**What needs to be done**
Each record should be given again exactly, and any picture in it left out.

**Data in this exercise**
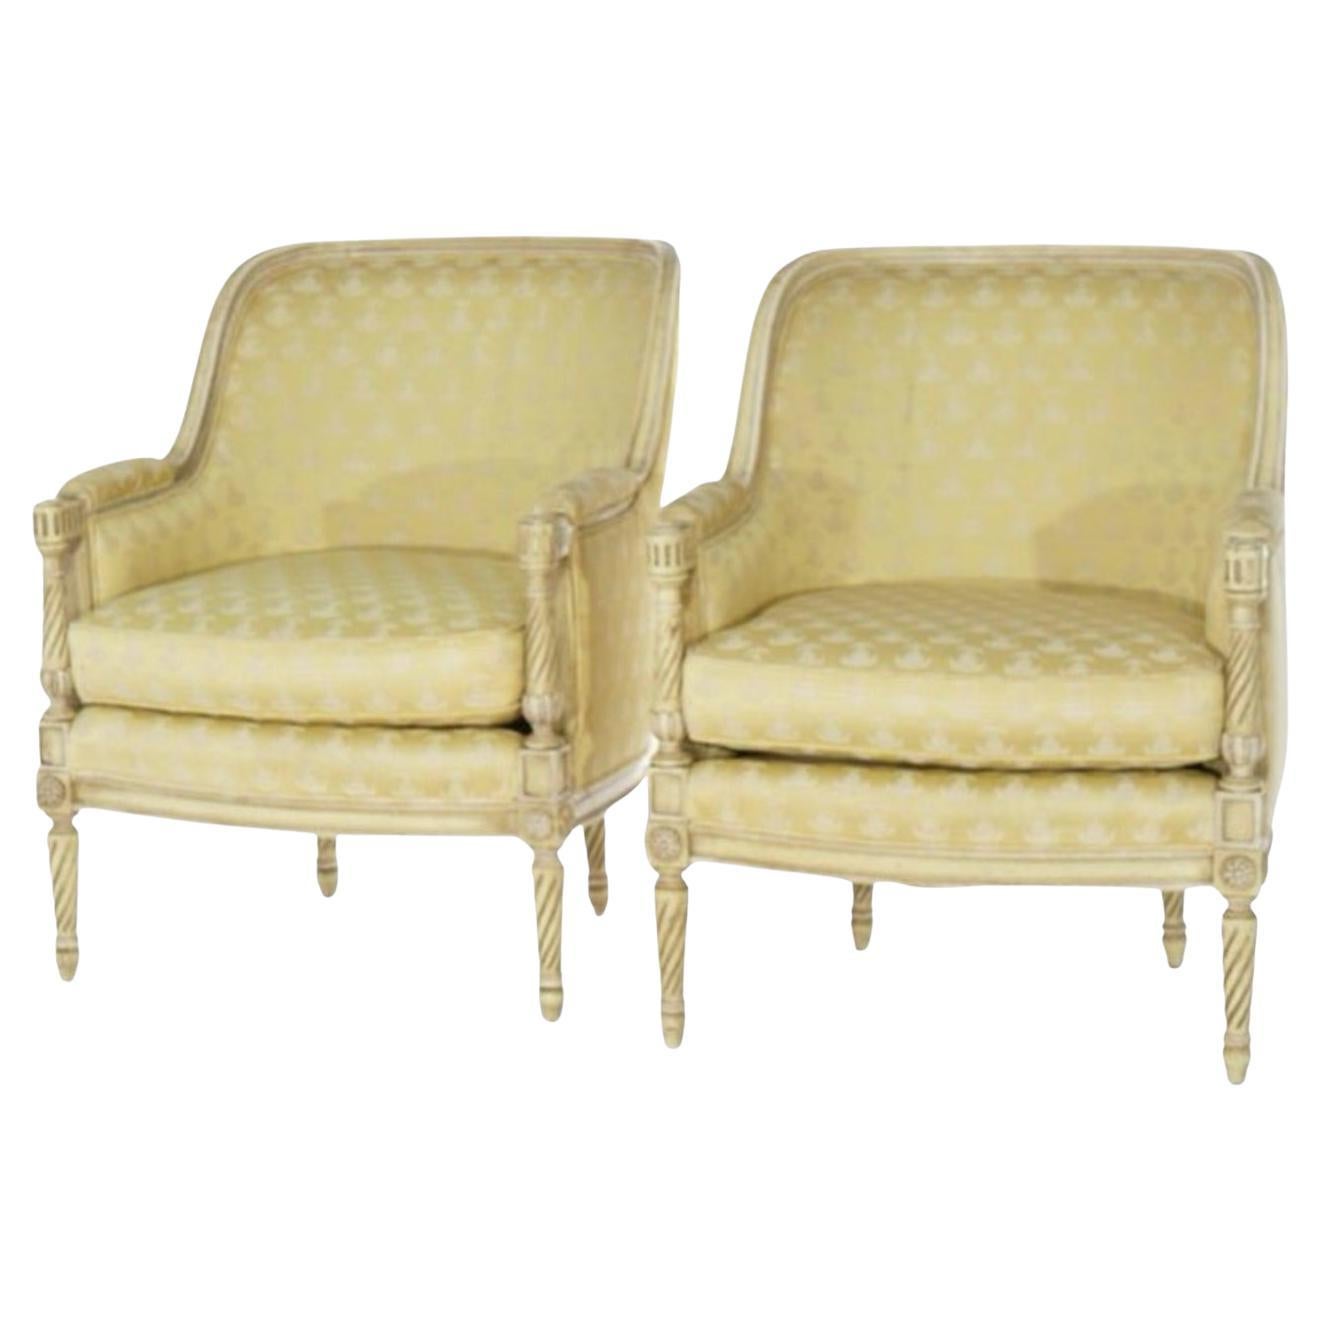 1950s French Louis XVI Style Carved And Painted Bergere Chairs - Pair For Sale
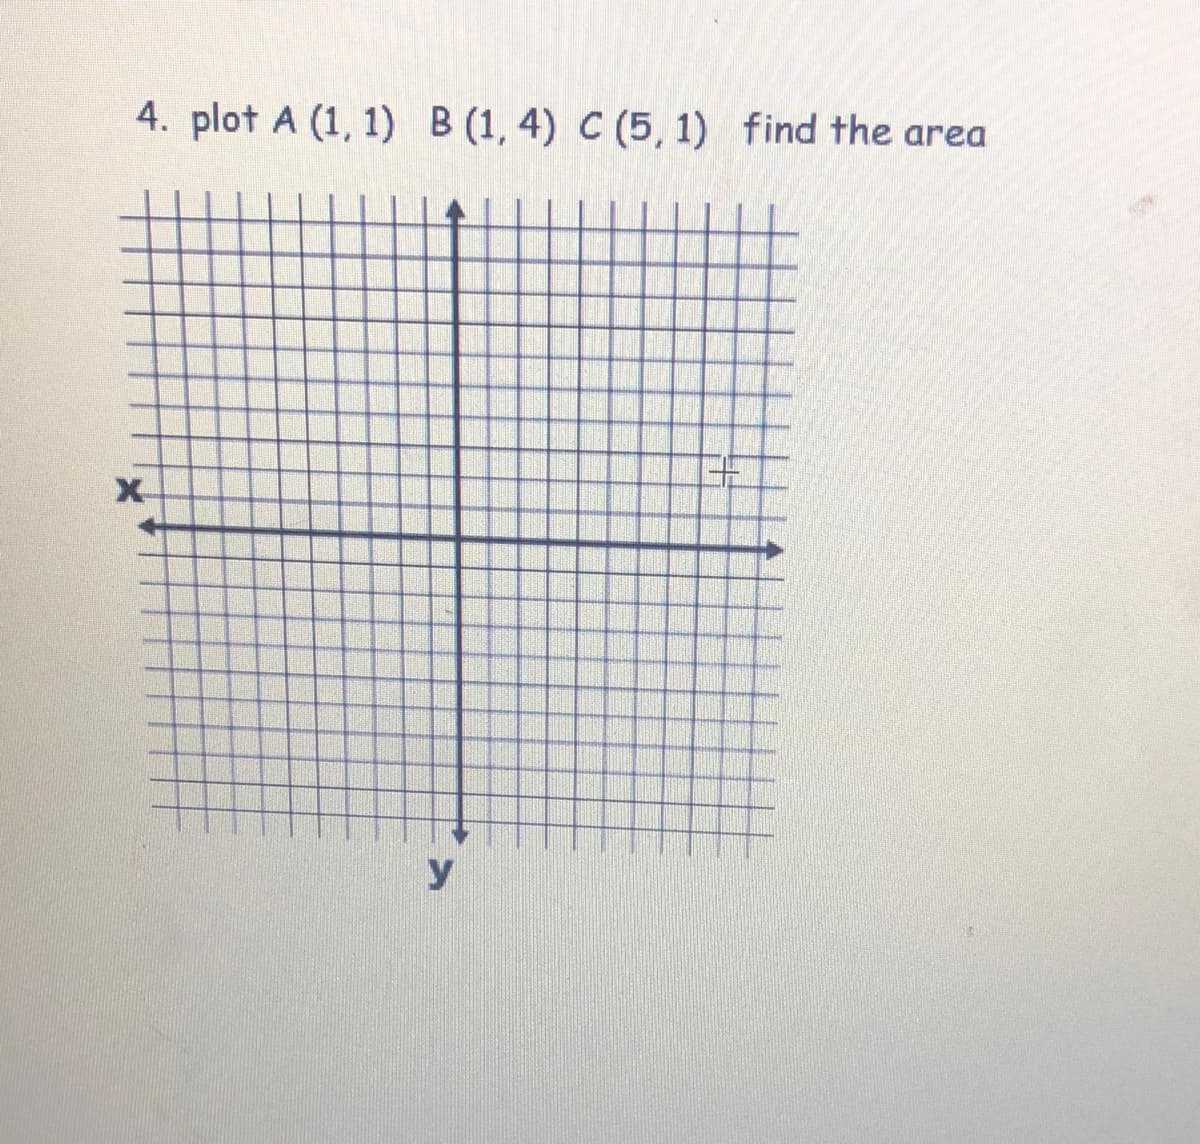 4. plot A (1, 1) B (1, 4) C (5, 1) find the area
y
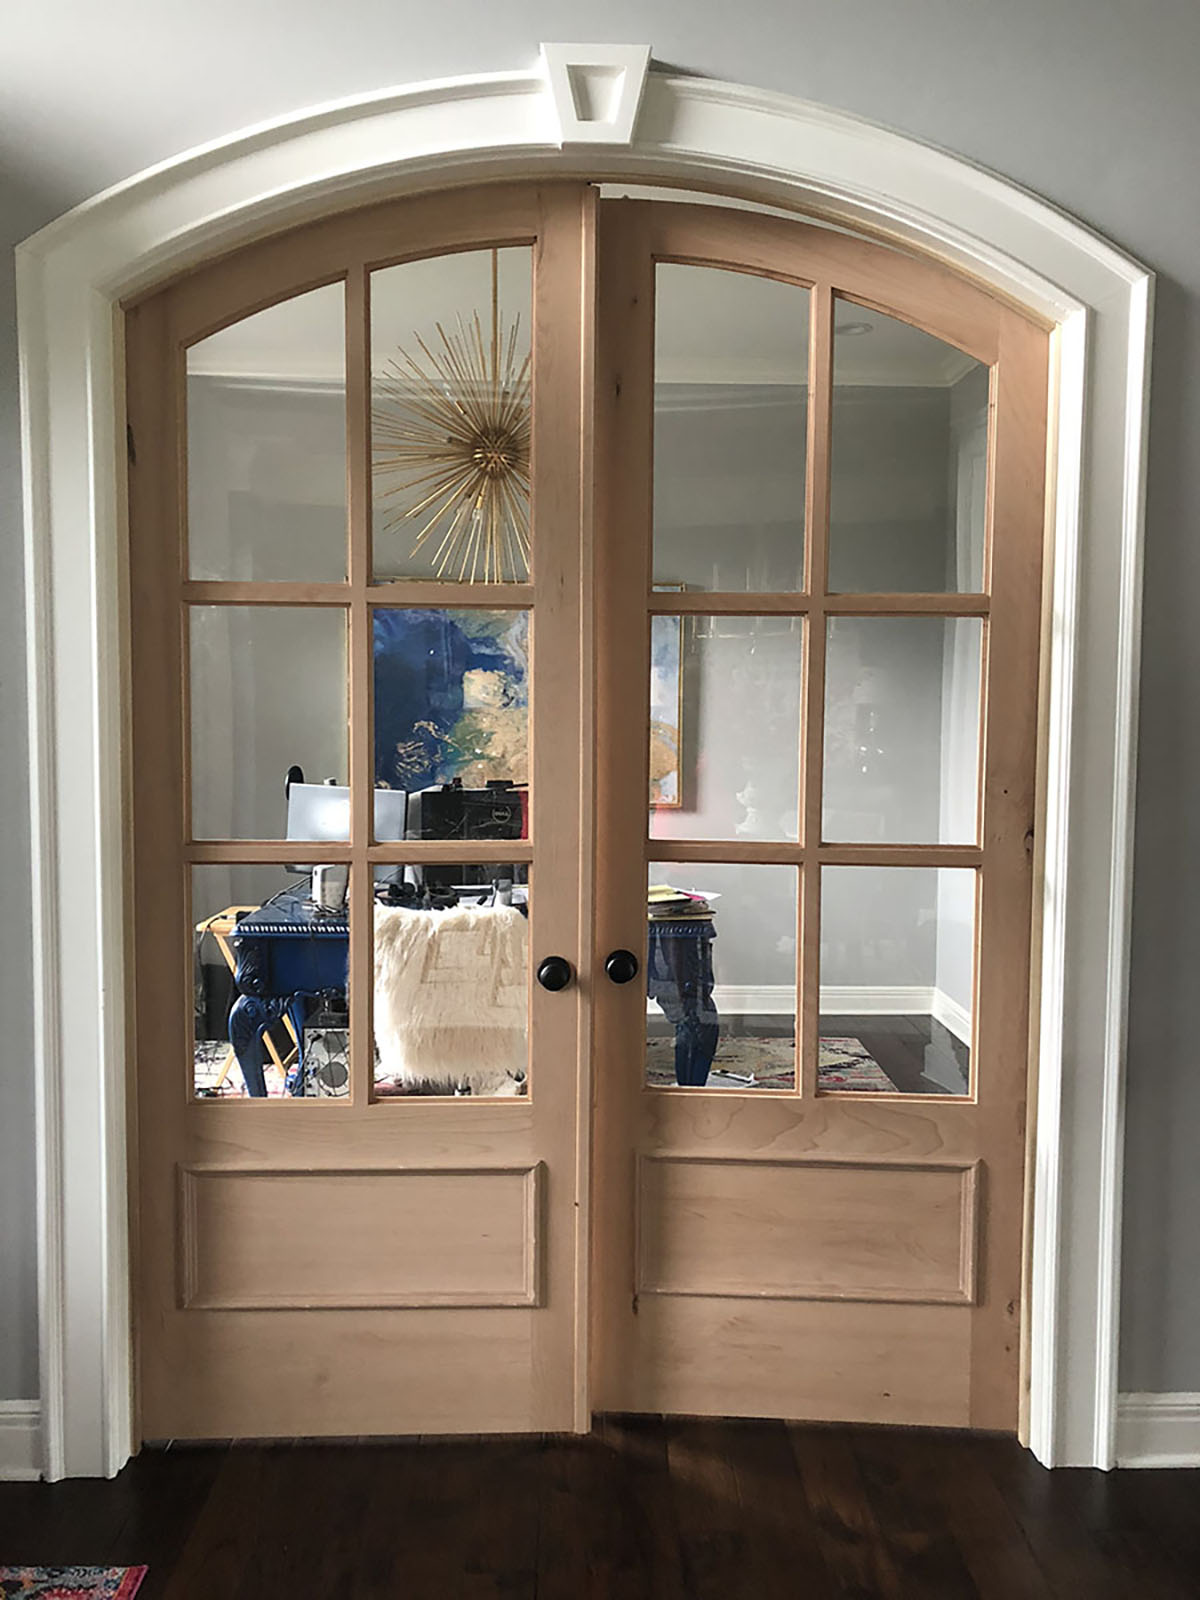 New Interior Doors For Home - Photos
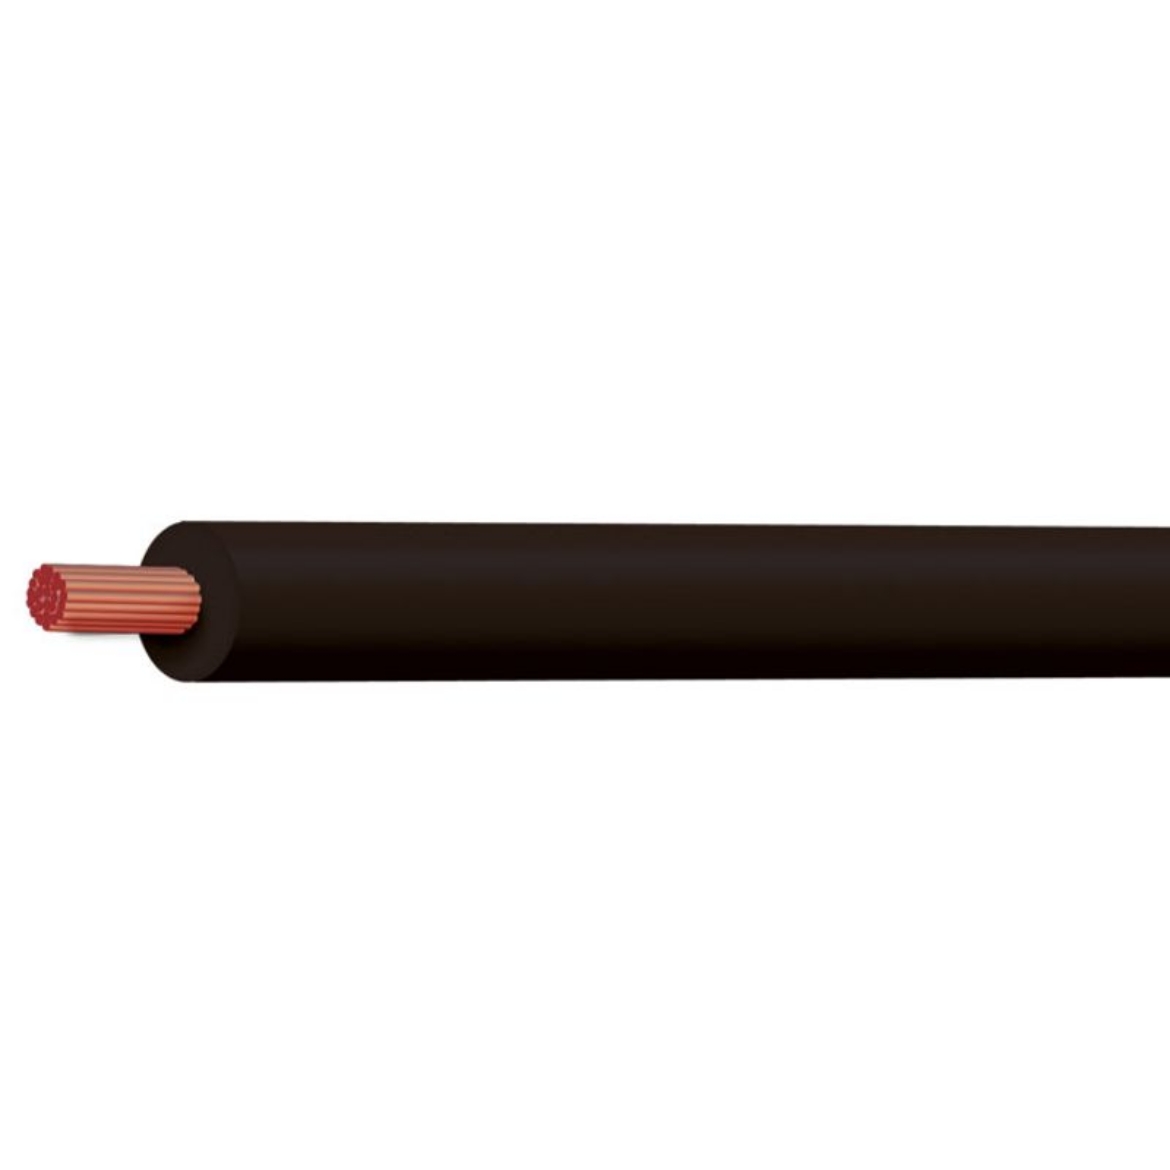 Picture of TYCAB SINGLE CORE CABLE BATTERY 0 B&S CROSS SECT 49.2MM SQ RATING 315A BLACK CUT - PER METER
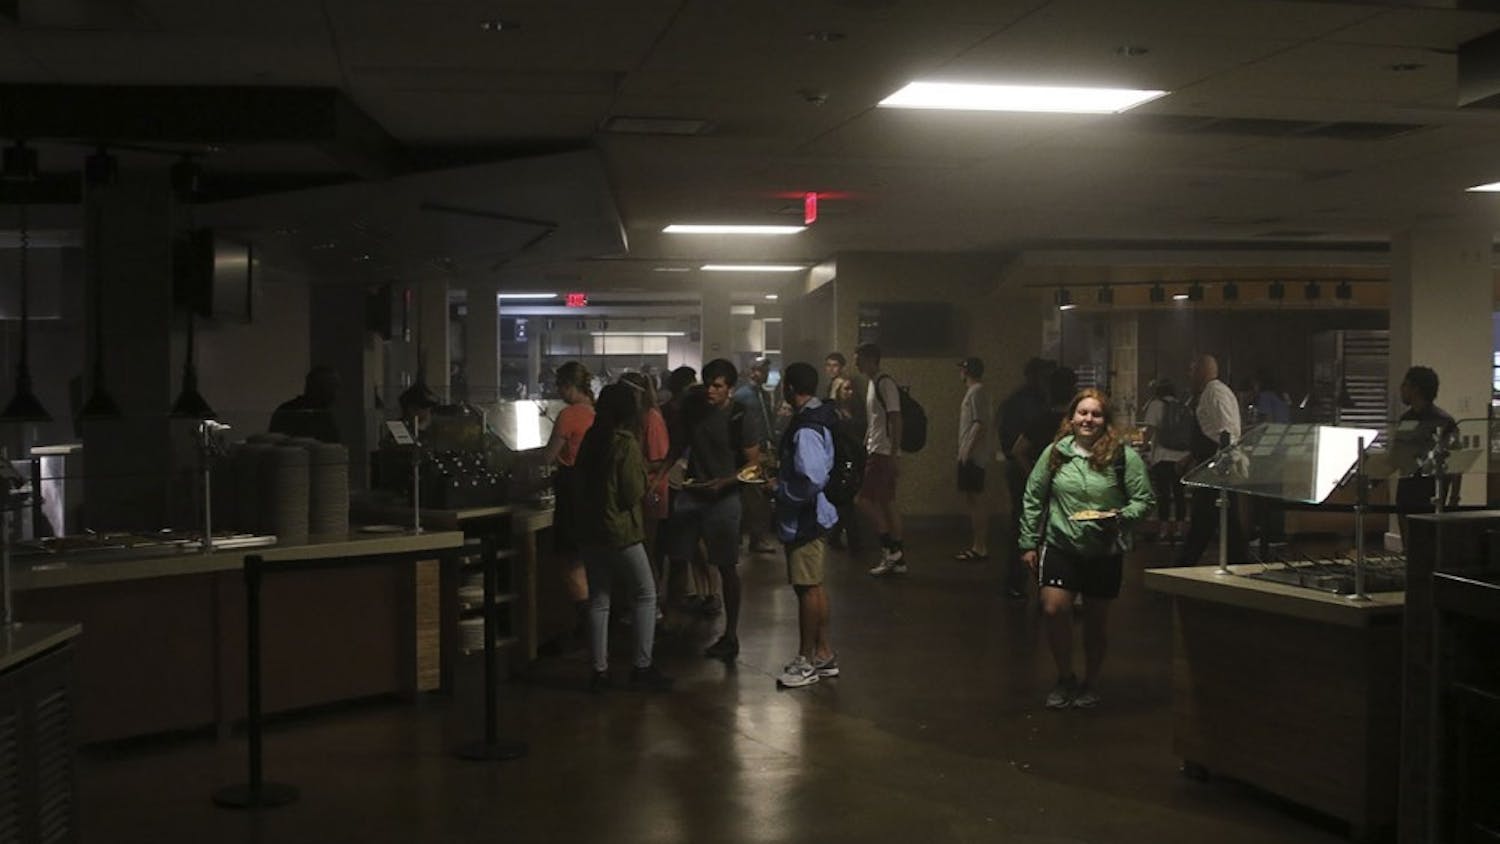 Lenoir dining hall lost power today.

**Answer for this exercise**
 1950s French Louis XVI Style Carved And Painted Bergere Chairs - Pair For Sale
 4. plot A (1, 1) B (1, 4) C (5, 1) find the area
y
 New Interior Doors For Home - Photos
 Picture of TYCAB SINGLE CORE CABLE BATTERY 0 B&S CROSS SECT 49.2MM SQ RATING 315A BLACK CUT - PER METER
 Lenoir dining hall lost power today.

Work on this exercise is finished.